Two teenage girls are to go on trial in Morocco on homosexuality charges after they were caught kissing and reported to police.
The girls, identified as 16-year-old Sanaa and 17-year-old Hajar, were detained after being "caught kissing and hugging on the roof of a house" in Marrakesh last week, according to the Moroccan Association of Human Rights.
A passer-by photographed them and sent pictures to the families of the girls who informed the police and the two girls were arrested on the same day, activist Omar Arbib told AFP.
The girls will be defended by a lawyer appointed by the Moroccan Association of Human Rights, and were due to appear in court on Friday.
Both male and female same-sex sexual activity is illegal in Morocco, under article 489 of the penal code which forbids “licentious or unnatural acts with an individual of the same sex”.

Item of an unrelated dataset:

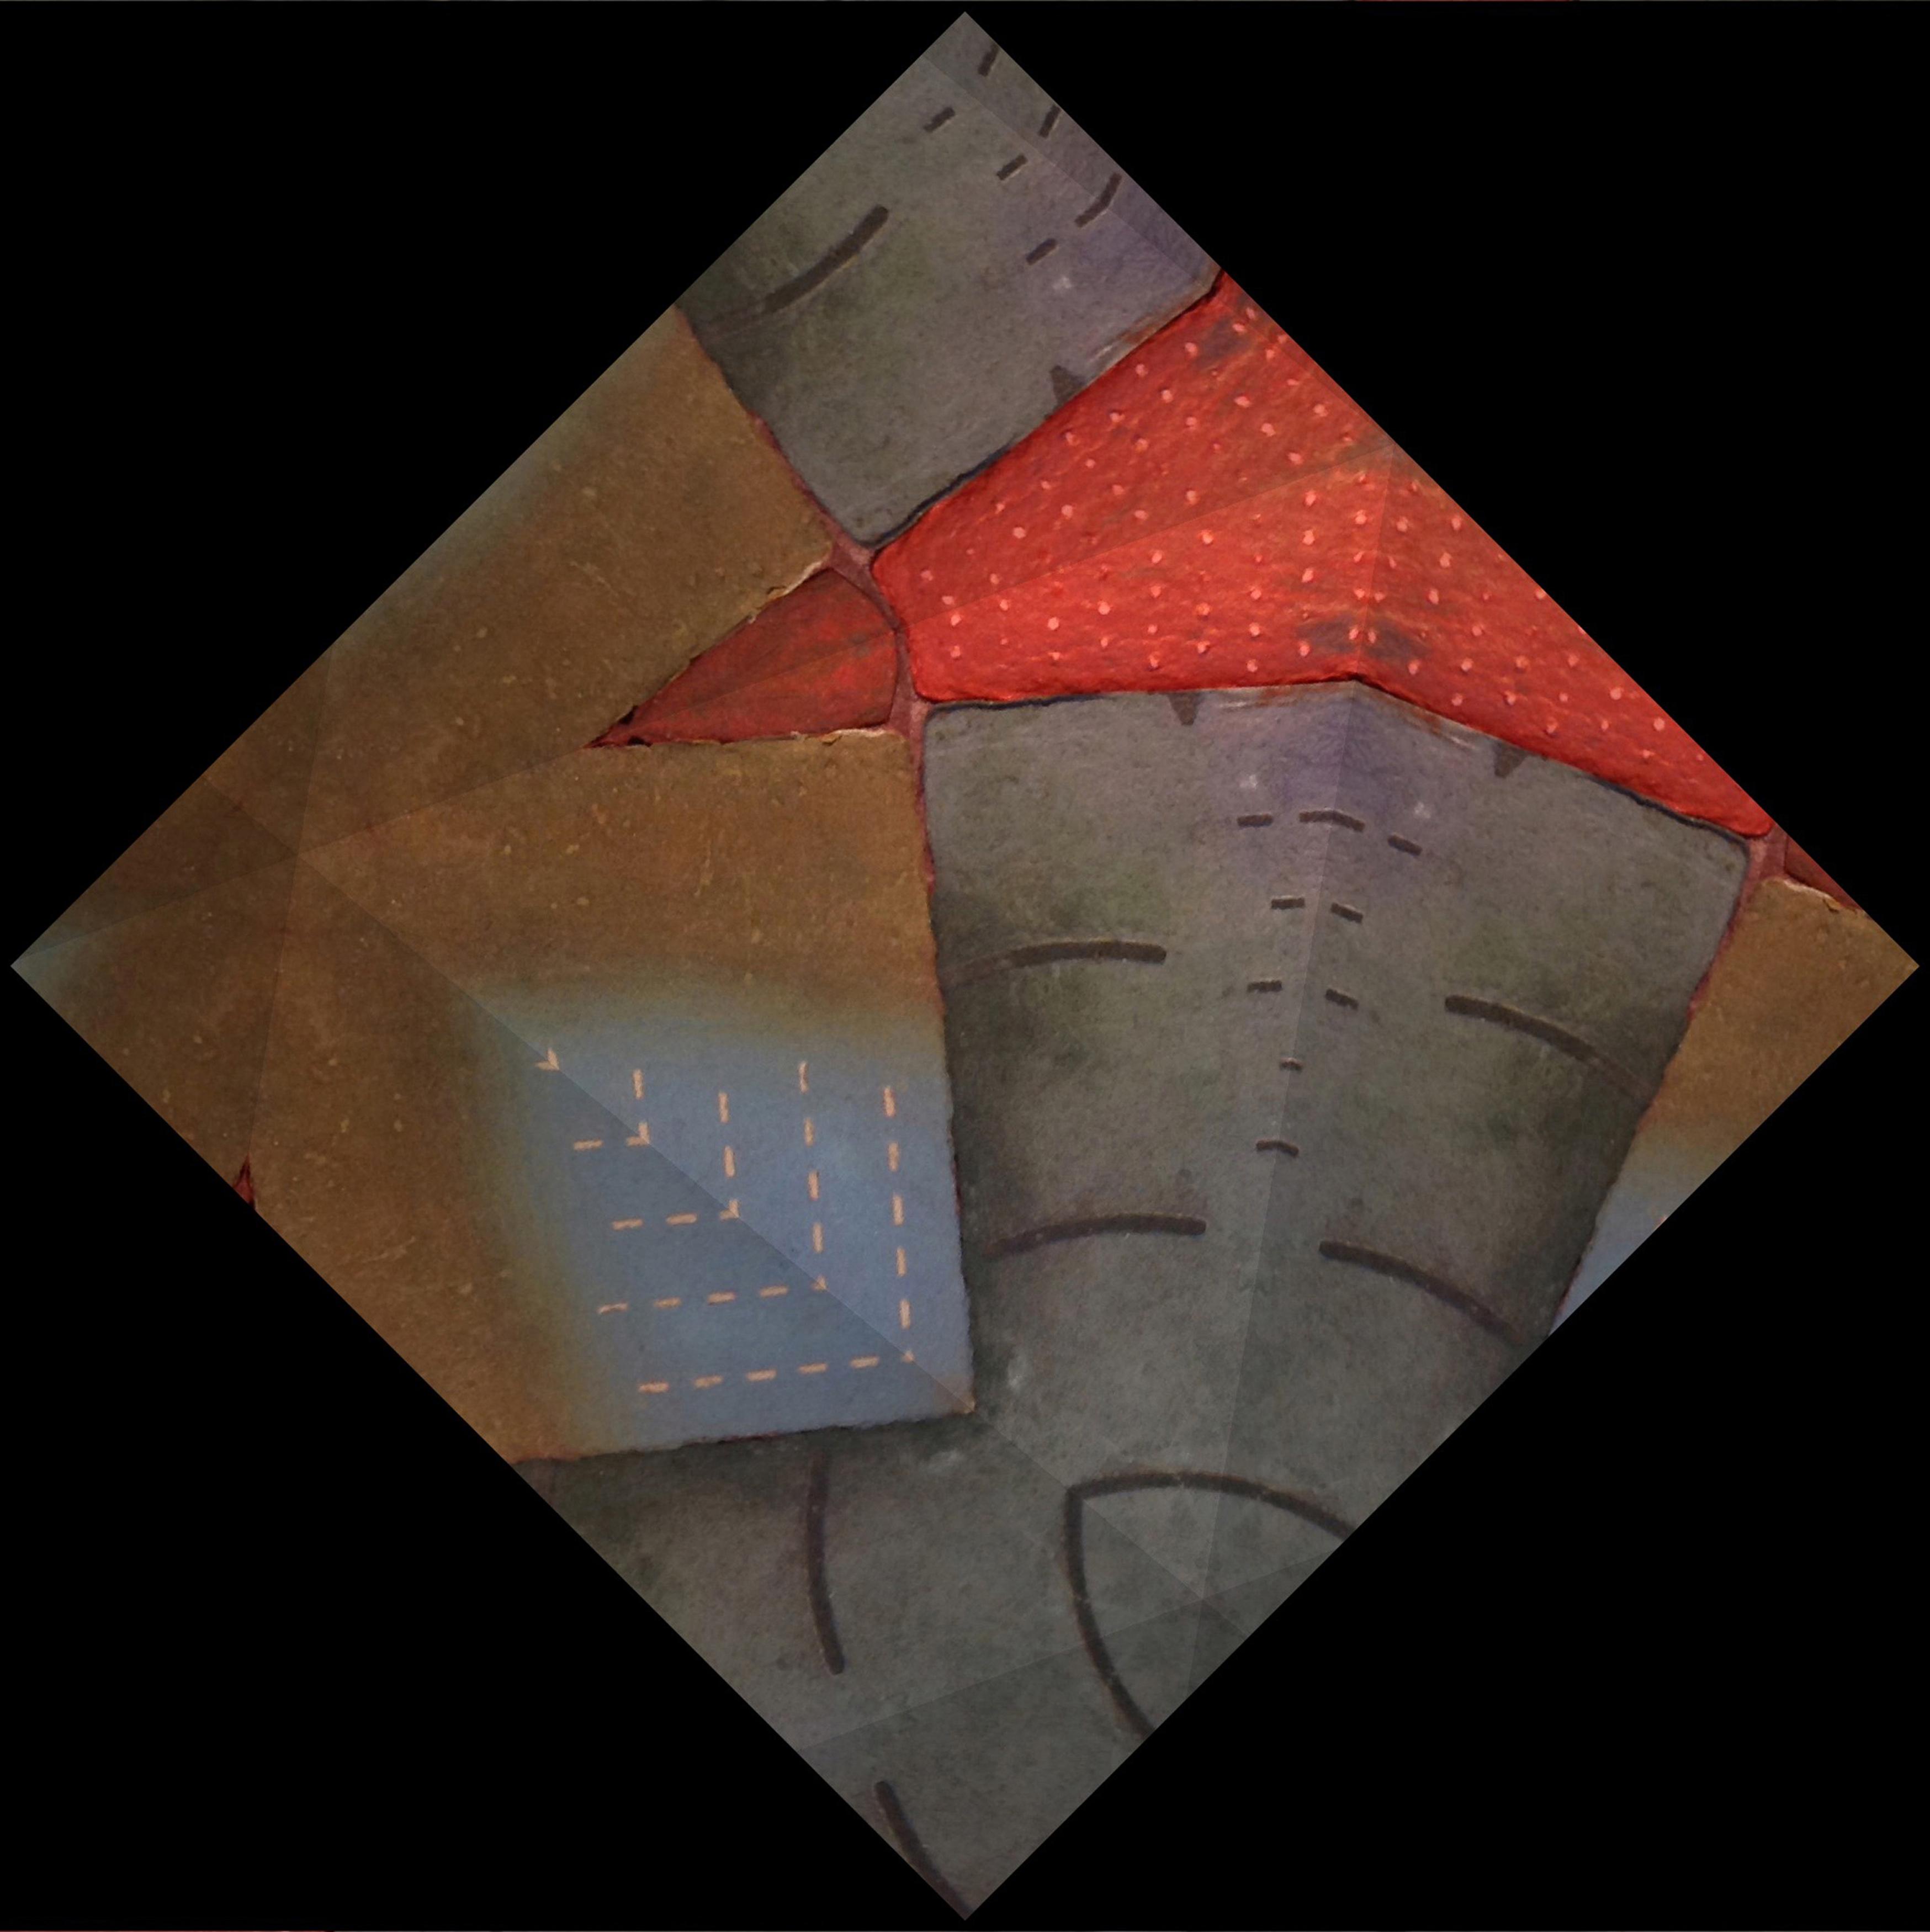 Peter Ford - Diamond Stitch Work     2018  20 x 20 cm archival inkjet print    £100

Homosexuality can be punished with anything from six months to three years imprisonment, alongside a fine of up to 1200 dirhams (£260).
In June this year, a gay couple were jailed for six months in Morocco after being found guilty of having sex in their car on the outskirts of Guelmim.
In 2014, Ray Cole from Kent was allowed to return home after spending 20 days in a Marrekesh jail for committing "homosexual acts".
Upon landing in Gatwick airport, Mr Cole described the prison he was kept in as "a concentration camp, not a jail".